Literature: gruber d, kuhn aa, shoenecker t, et al. Pallidal and thalamic deep brain stimulation in myoclonus-dystonia. Mov disord. Aug 15 2010; 25(11):1733-1743. Summary: the authors investigated short- and long term effects on motor function, cognition, affective state, and quality of life (qol) of gpi- and vim-dbs in myoclonus-dystonia (md).
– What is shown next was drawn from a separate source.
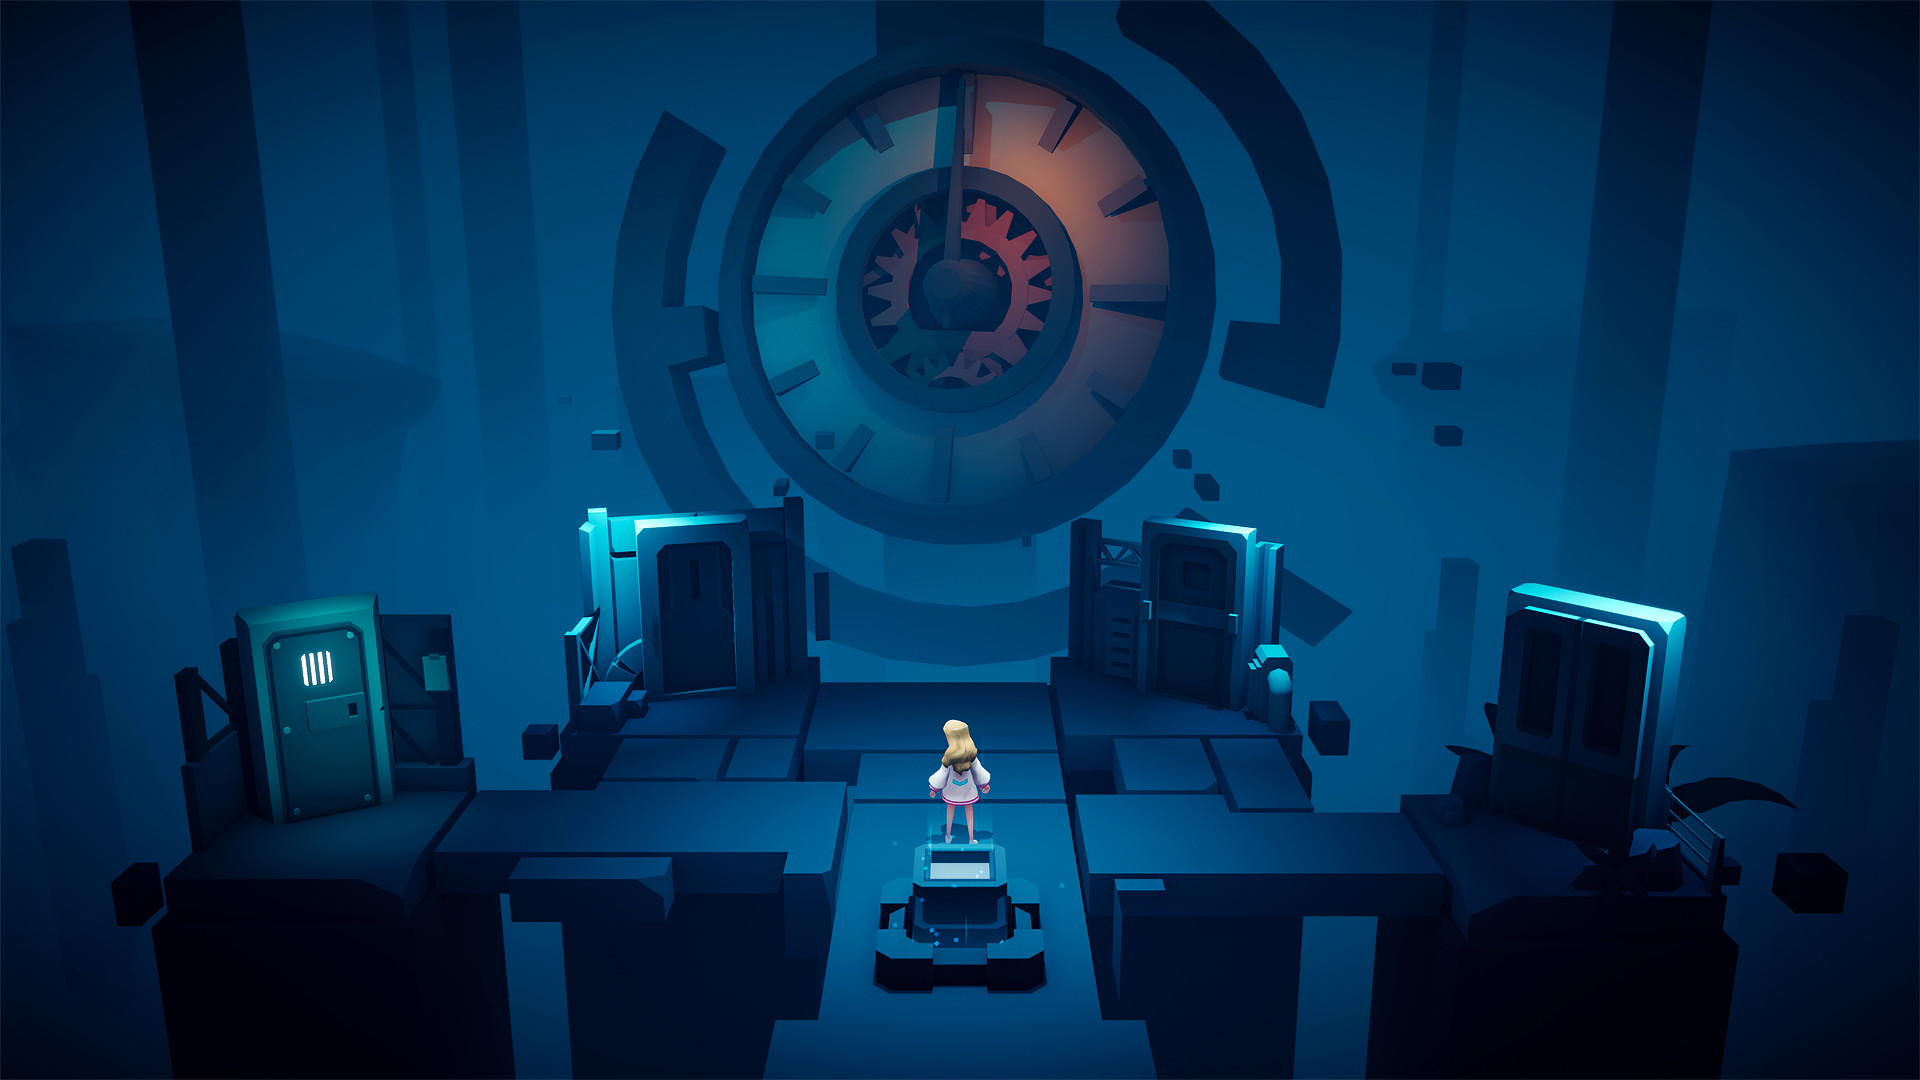 Timelie - a petite fille face à une drôle d'horloge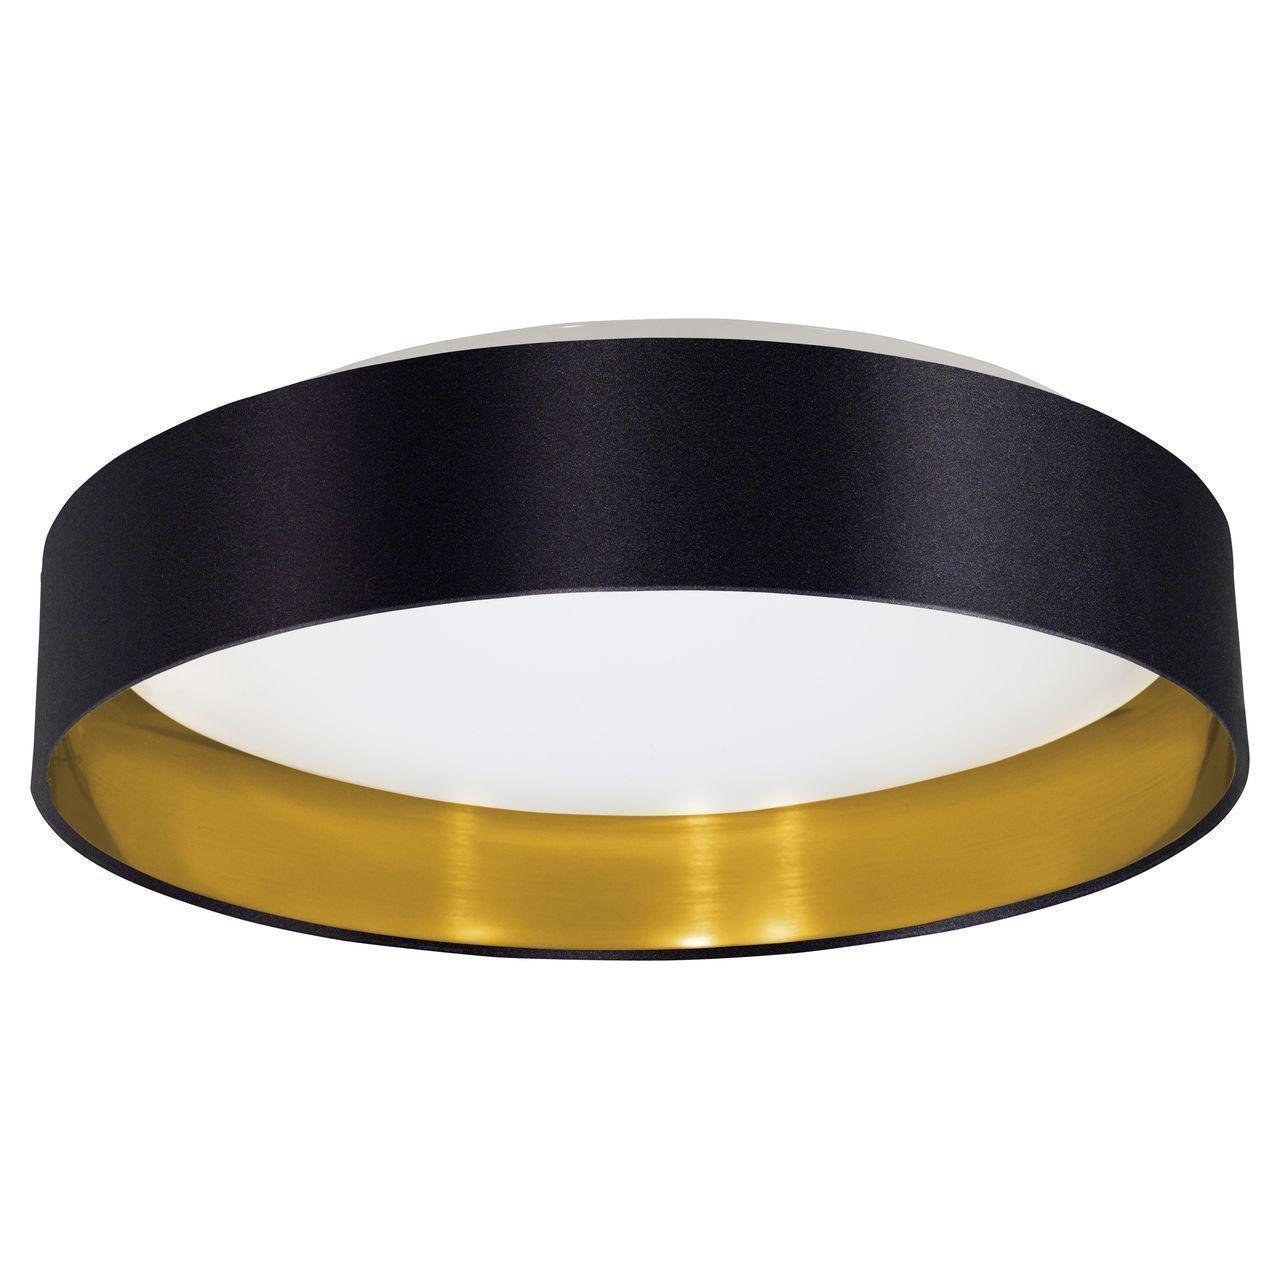 Потолочный светильник Eglo Maserlo 31622 потолочный светильник eglo maserlo 31622

Ten md patients were evaluated pre- and post-surgery between 1997 and 2009. Both gpi- and vim-dbs are effective. There were fewer adverse, stimulation induced events with gpi-dbs in comparison with vim-dbs. There were 18 reversible stimulation-dependent adverse events (ae) in the vim group which resolved by adaptation of parameters; these include dysarthria, dysphagia, dysgeusia, worsening dystonia, headache, gait disturbance, dysaesthesias. There were 4 events experienced by the gpi group; these were nausea and phosphene. It was unclear which patients experienced which adverse event; however, no serious long-lasting stimulation-related ae's were observed. Reportable event: patient 8 of 10 received bilateral gpi and vim-electrodes; this patient experienced a reversible intracerebral hemorrhage less than or equal to 3 month's hemiparesis. The source literature did not specify which device models were used for the different patients. See literature article with mfr report# 3007566237201007967.

 
Manufacturer Narrative

(b)(4). It was not possible to ascertain specific device information from the article or to match the events reported with previously reported events. It is also possible, several events occurred in one patient. At this time, no additional information was available, additional information has been requested.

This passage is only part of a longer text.